Ghost in the Shell (1995) a groundbreaking, subversive piece of Japanese anime, gets a live action redo with Scarlett Johansson sporting a form fitting flesh suit and a bunch of plot enhancers aimed at making the story more humanistic and straightforward.
The results are always good to look at, but the puffed up plot and safe PG-13 rating keep the film far away from being an upgrade on the original. It's a largely boring, misguided affair.
Johansson can't be faulted for the film's failures. She could've been a solid choice to play Major, a human brain inside a synthetic cyborg's body policing the streets of a futuristic dystopia that makes the Blade Runner landscapes look like Lincoln, Nebraska in comparison.

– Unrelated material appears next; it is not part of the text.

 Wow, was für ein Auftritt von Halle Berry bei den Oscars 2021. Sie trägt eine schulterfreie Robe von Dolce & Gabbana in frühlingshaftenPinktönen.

As she has proven in Lucy and playing Black Widow, Johansson is a capable action hero. She also fares well as somebody placed in an artificial body, as she did in Under the Skin. She does a good job of appearing slightly lost, but centered, a character who is in that body somewhere, but isn't entirely whole. Most importantly, she can play a robot without seeming robotic.
Unfortunately, Major also has a new plotline that involves her past life, a mystery that overwhelms the action and turns the film into a bit of a melodramatic exercise. There are themes from the original anime and subsequent TV series that are expanded upon-perhaps too much-and it slows the film down.

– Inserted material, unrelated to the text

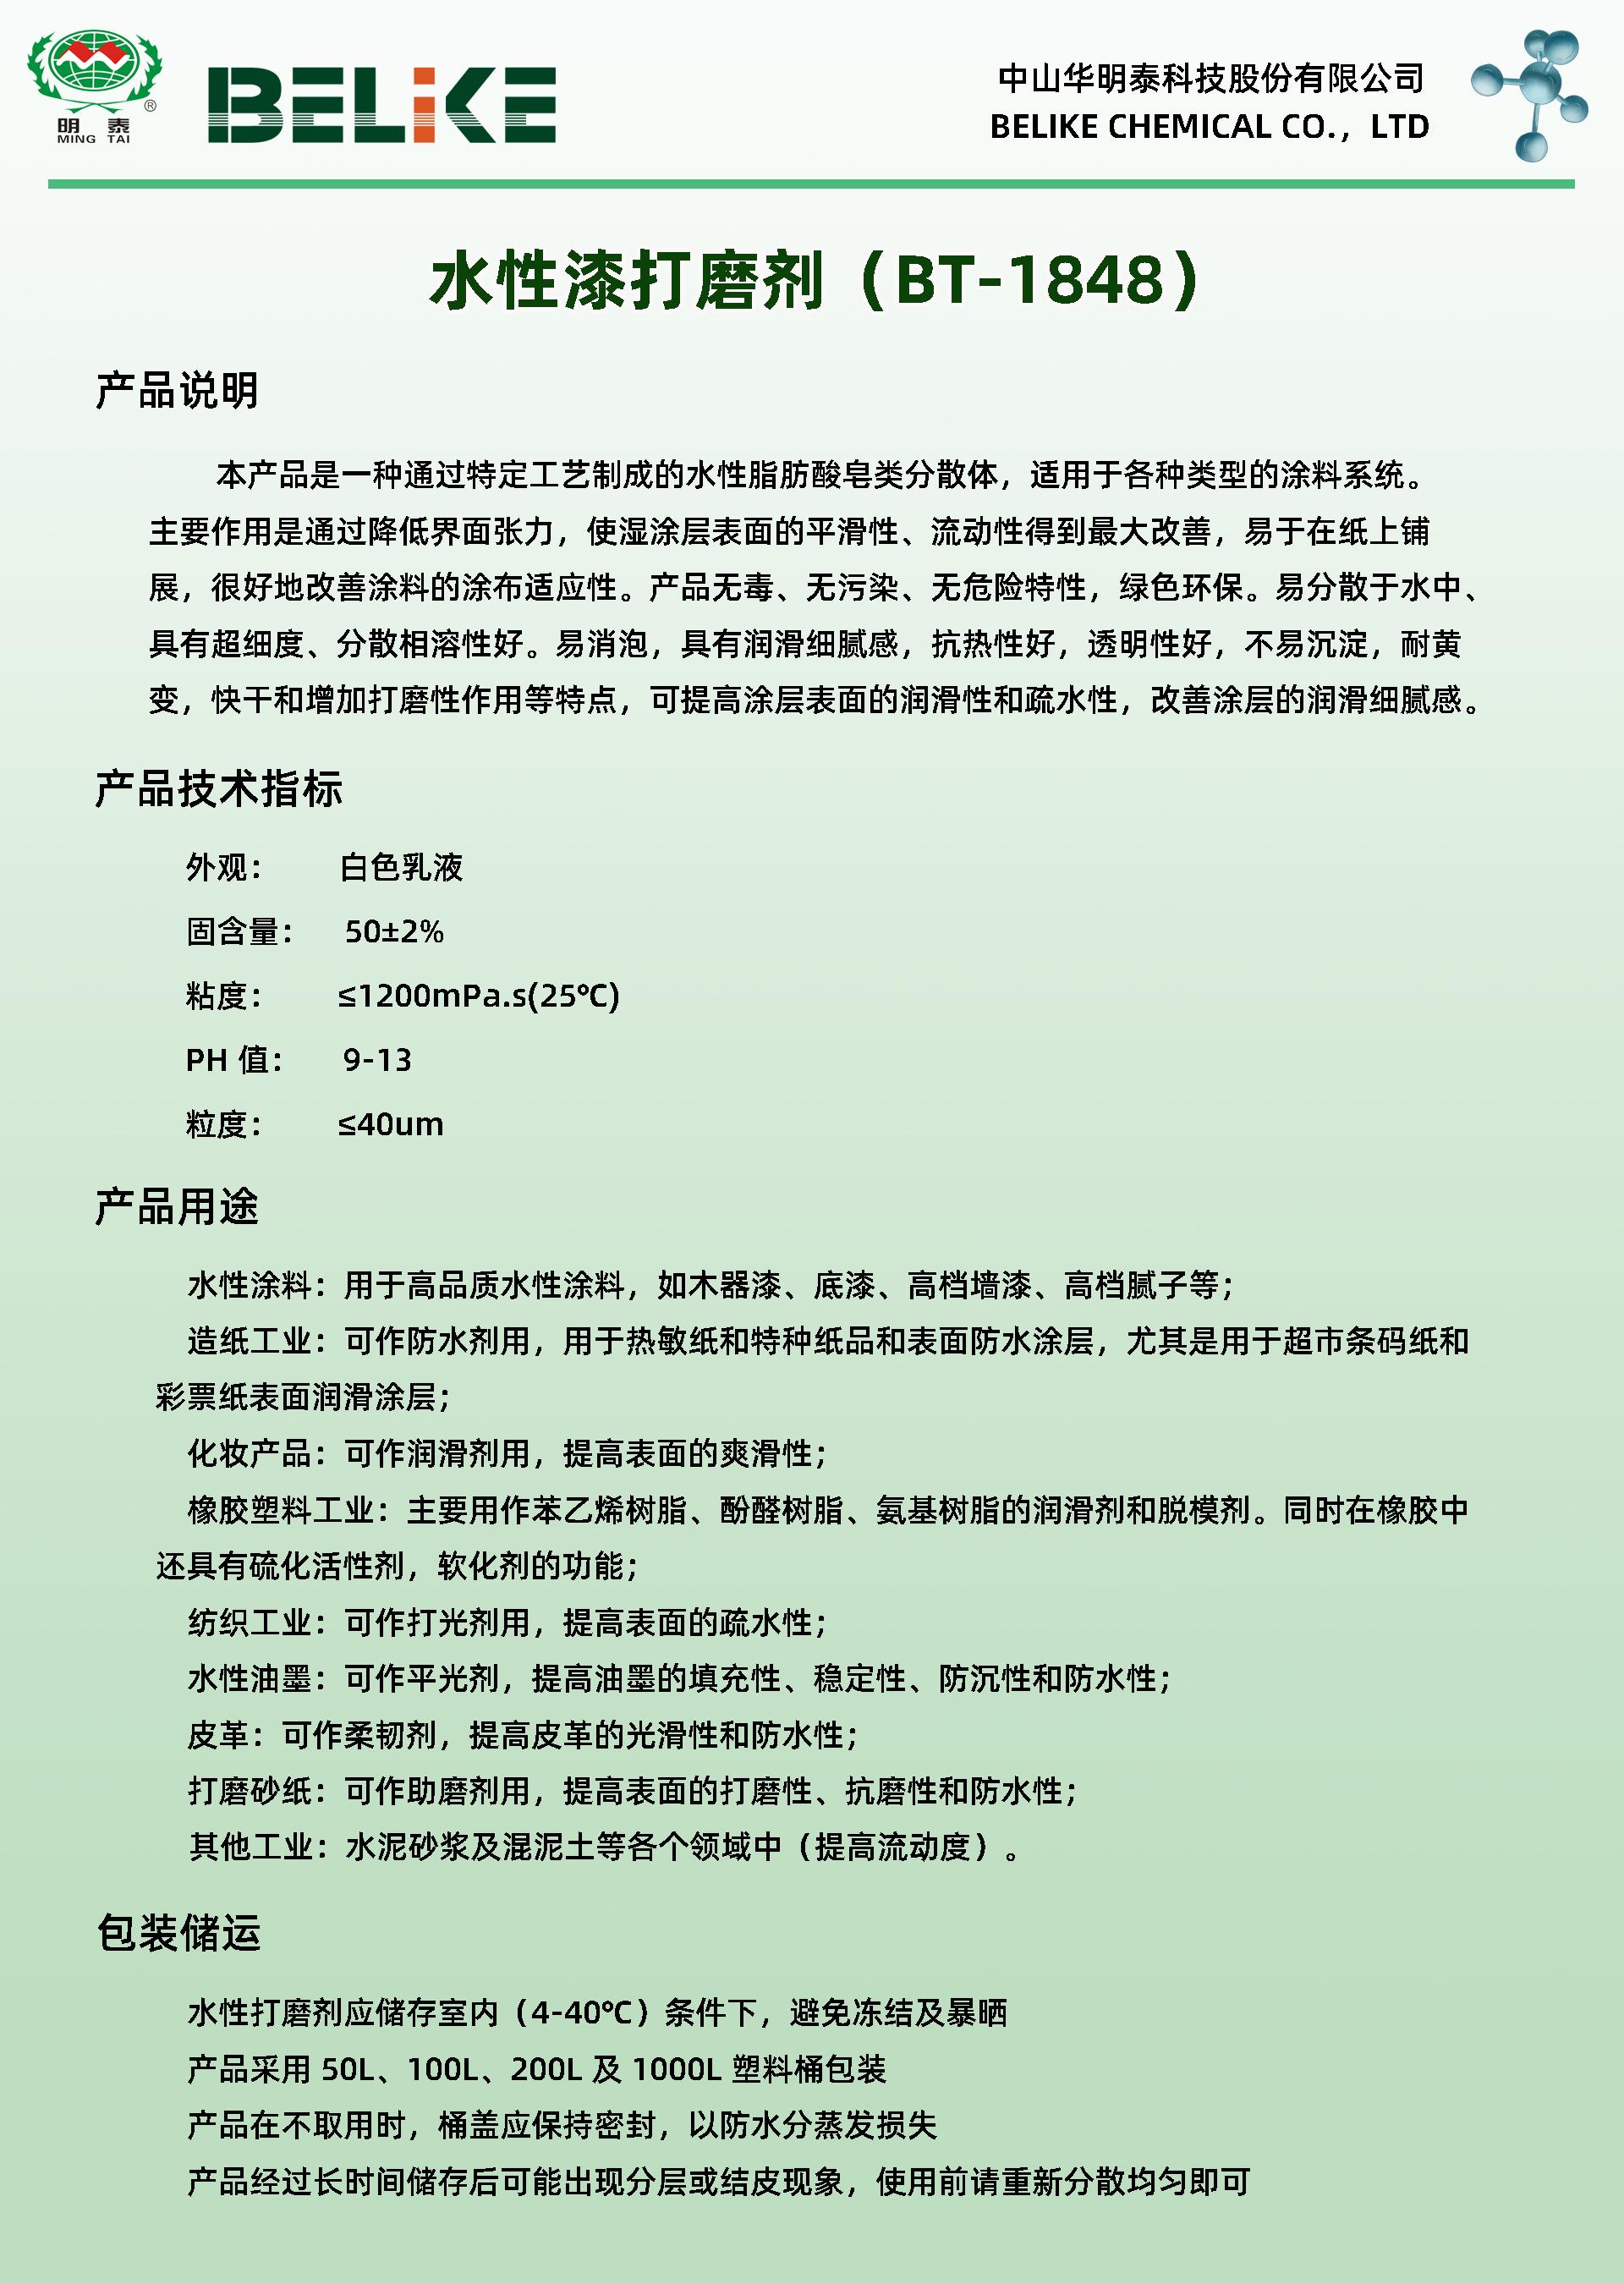 寰俊鍥剧墖_20201126171727.jpg

While the original had a hard nosed, gritty crime noir edge to it, director Rupert Sanders goes for something softer and a little whiny. He also has a problem injecting anything resembling humor in the film.
As far as set designs go, Ghost in the Shell is a visual winner, although a derivative one. Instead of Blade Runner's geisha billboards you get gigantic geisha holograms acting as skyscraper tall advertisements. There are action scenes that do the original anime justice, as well as paying homage to the likes of The Matrix. None of it feels altogether original, but it does look good.
While the plot only mildly resembles the original, there are moments from the anime that are totally recreated in the redo. They include Major's liquid birth scene and her diving off a skyscraper, the moment where Major tears herself apart while attacking a tank and a scene where Major battles a bad guy in a lake. Fans of the original will take in these moments with either glee or unimpressed boredom.
Michael Pitt shows up late in the film as Kuze, an altered version of a character from the TV series Ghost in the Shell: Stand Alone Complex. He essentially replaces the Puppet Master from the original movie, an entity able to hack into other cyborgs and intelligence systems. Pitt, always the eccentric actor, embraces the opportunity to look and act really weird, which he does nicely. He turns Kuze into an interesting, tortured being. He's one of the stronger elements in the film.
Legendary Japanese actor Takeshi Kitano plays Aramaki, a prominent character in the original given a new spin. Kitano has a scene where Aramaki dispatches enemy forces while using his briefcase as a shield, and it might be the best action moment in the movie.
No doubt, this one was being set up as a franchise for future movies, but the continuation of the saga seems doubtful anytime soon. Ghost in the Shell cost a lot of money. It was supposed to be a domestic blockbuster, and it's getting beat by a cartoon baby voiced by Alec Baldwin.
The better bet would be to make further animated stories, and continue the saga of Major that way. No live actors required.